I did not keep him waiting; I had watched him eagerly from the very moment he had set foot again in my midnight kingdom. With fluttering heart I traced his every step; how tall and strong he had become! How could I have known, when we parted so many winters before, that I would yearn for his presence for so long? How could I have known the joy that would fill my heart when once again his voice, now so deep and rich, reached my ears?

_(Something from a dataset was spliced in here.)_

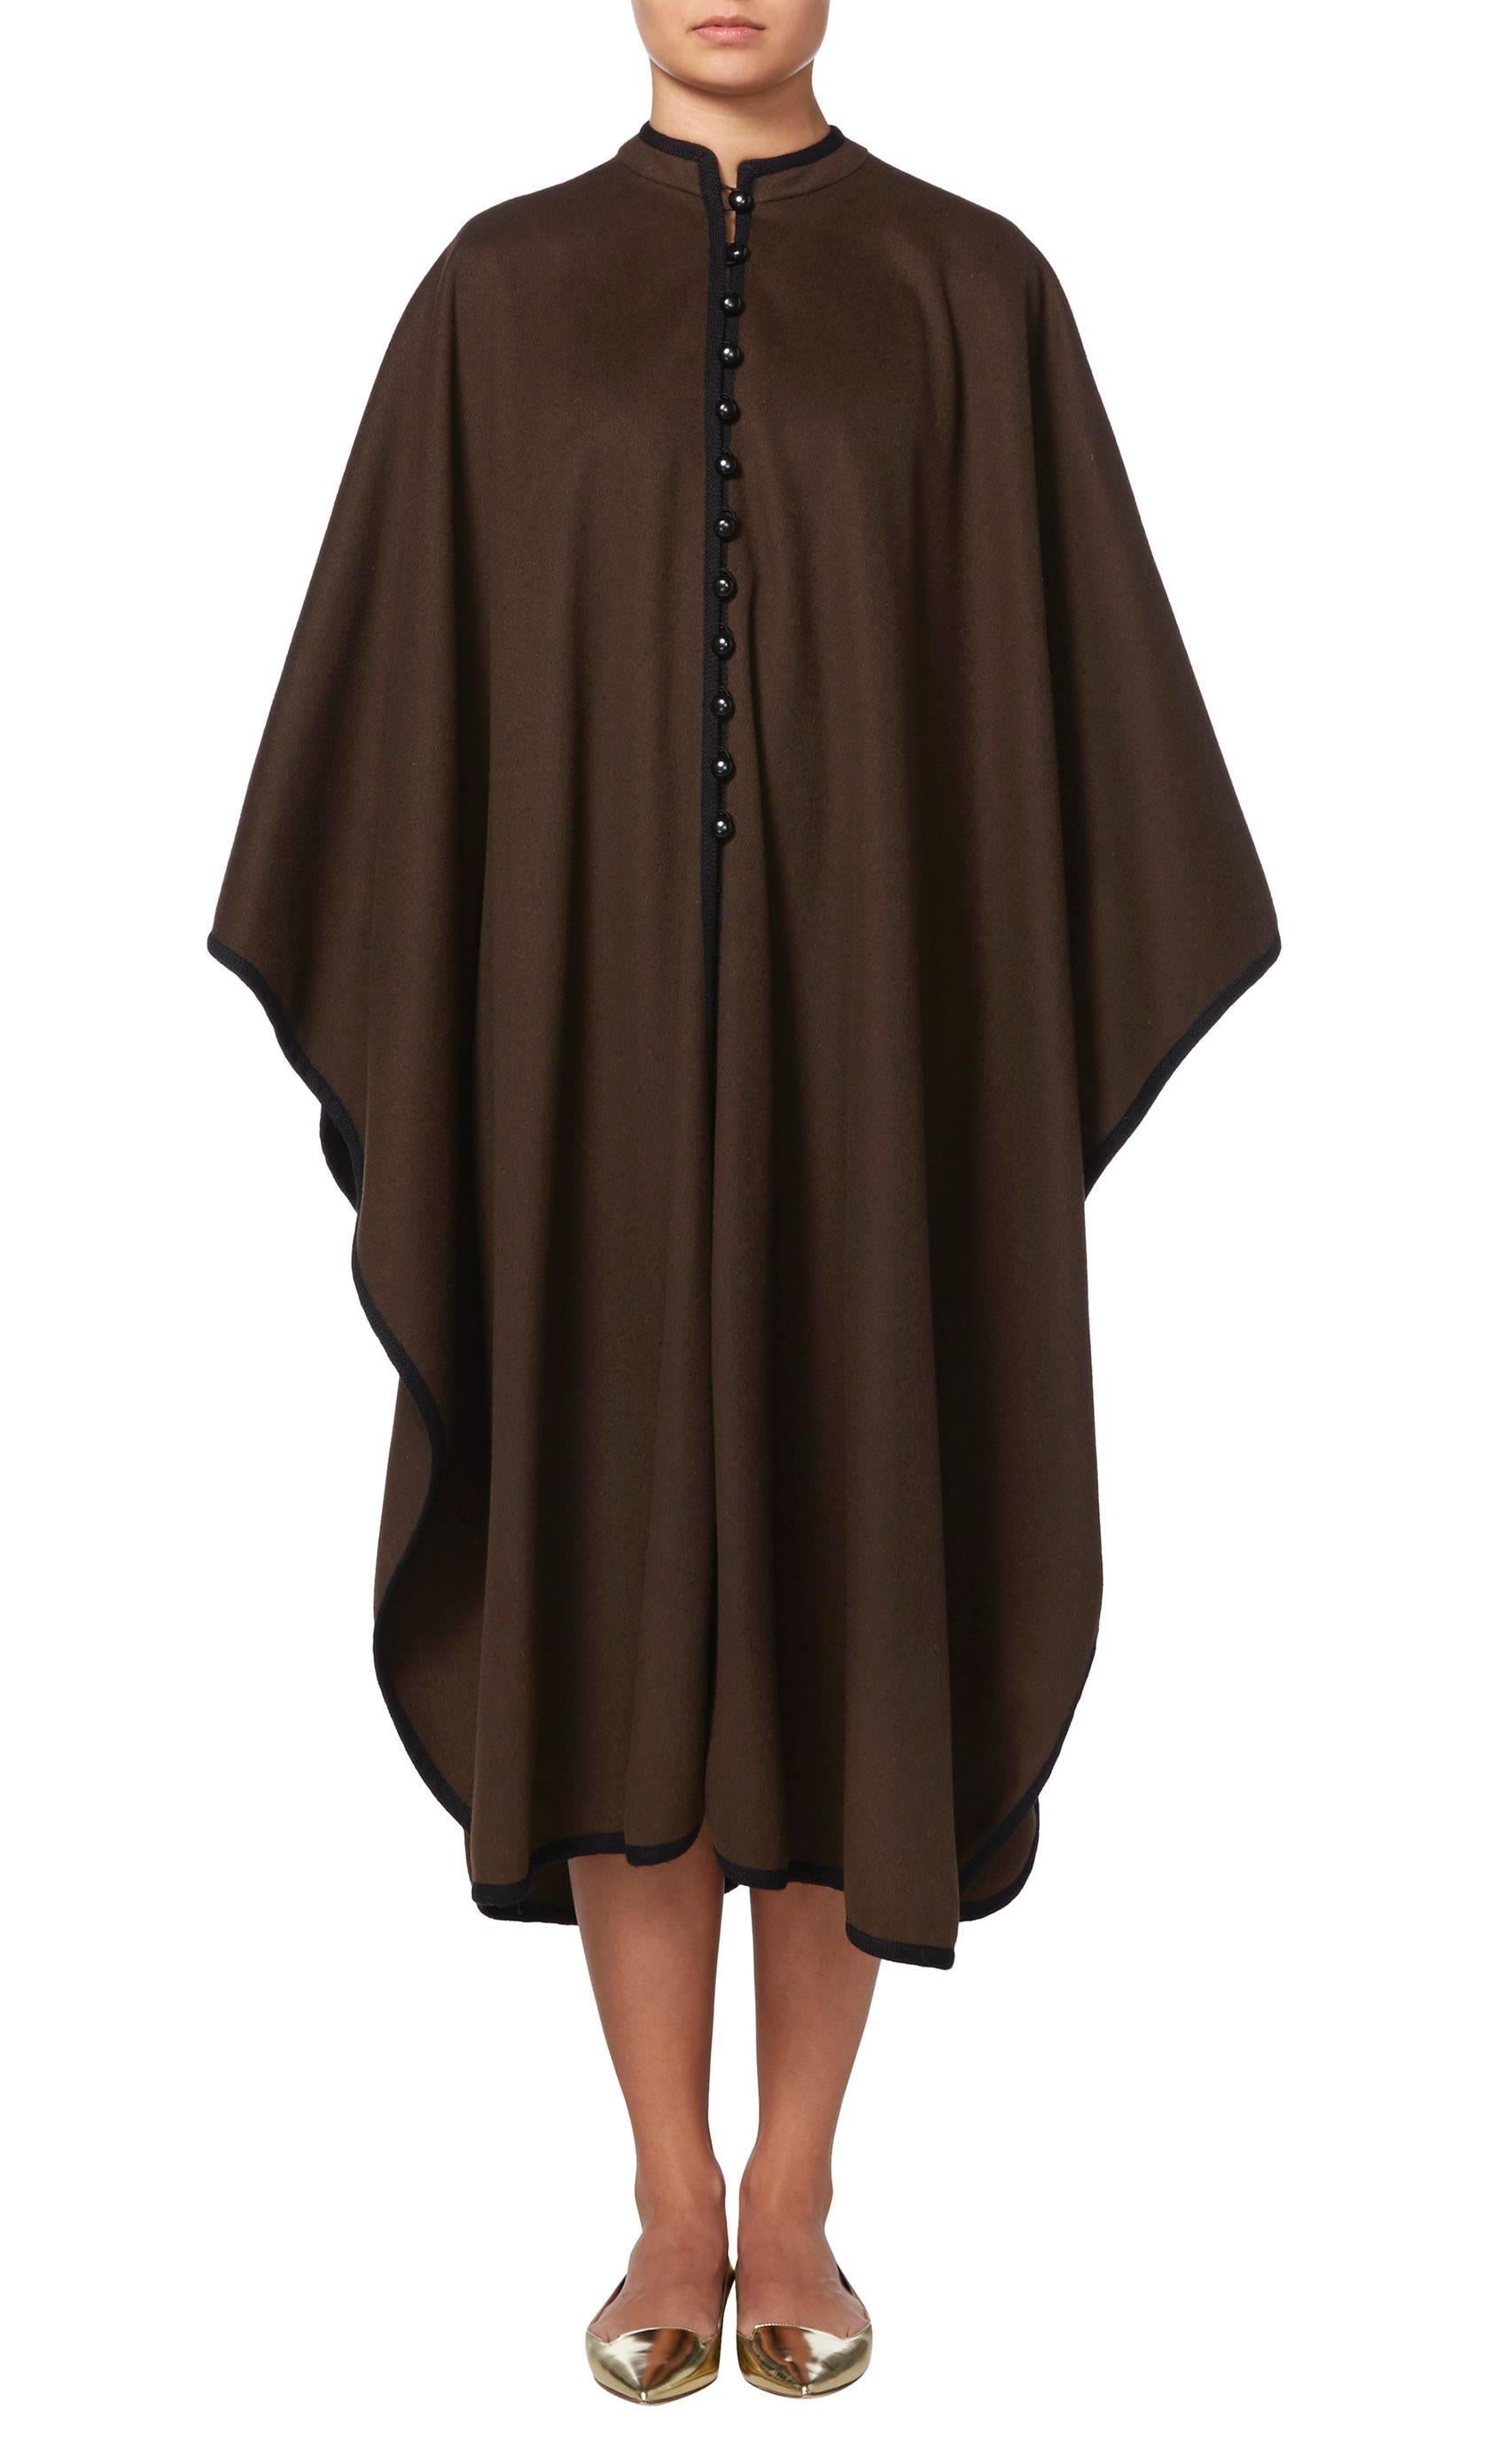 This Yves Saint Laurent cape is a fantastic coverup for cold winter days. Constructed in brown wool and featuring a contrasting black braid, the cape has a standing collar and buttons to the front. Throw on over jeans for weekends in the country or

"You have come back..." I whispered as the mist parted. He greeted me with a smile, but his eyes revealed the wonder that filled his heart at my appearance, and his breaths were stilled a long moment; no longer the little girl he had known in boyhood, I took on the full grown body of a woman. Indeed, for the undying fae, growing up takes on a different meaning than for the race of men, who begin and end as dust. It pleased me to know that my efforts were not in vain, and I know the smile upon my lips must have been just as wide as his.

"I thought you might like to see the book for which you risked so much," said he, patting the mossy spot by his side.

"I wondered if you would ever return," I said, crossing my arms, "After all this time, will you just carry on as always?" Though I had grown, I had not lost all trace of the girlish petulance he knew before. The warmth in his eyes and the joy in his smile disarmed me, though I did not show it; before he said another word I was already within his hands, willing to grant whatever wish he might ask.

"I missed you too, Aisling," he said in hushed tones, speaking as though my name were a sacred word to be relished.

I sat beside him and peered over his shoulder as he drew forth the book that had banished the darkness. The Book of Kells, as he called it.

"A shame..." said I, running my fingers over the plain, dull brown leather of its cover, "That the golden one was lost to the Northmen..."

He said, "The real treasure is not the cover..."

I glanced at him with wonder; what secret power, what precious treasure, lay within the vellum leaves of this simple book? What was it about these little marks, this hidden knowledge, which allowed a courageous boy to vanquish the terror of The Dark One?

When he opened it, I thought I knew; within the pages of his book lay the most magnificent images I had ever seen. It was as if his hand had captured the very magnificence of the wild, of the sky, of the earth, and bound them in chains of ink and walls of parchment. As if he painted not with ink and quill, but with sunset, and moonbeam; with breath of spring and autumn leaves, snowflake and shimmering ocean wave. I wept at the beauty of his illumination as page by page the magic of his artist's hand unfolded before me, and I was left speechless.

Seeing my tears, he laid a gentle hand upon me, a strong hand forged by the lifting of stones and the scratching of words, and my breath caught in my throat. He leaned closer, and with a smile he whispered, "But these pretty designs are not the true treasure either; these are only man's simple tribute to the true Author, to the grand Architect whose hand stretched forth the heavens like a scroll!" He gazed up to the blazing stars with a wave of his hand, as if he could see the very thing he spoke of.

"What are these marks?" I asked, pointing to the black scratches that surrounded the beautiful designs, "What do they mean?"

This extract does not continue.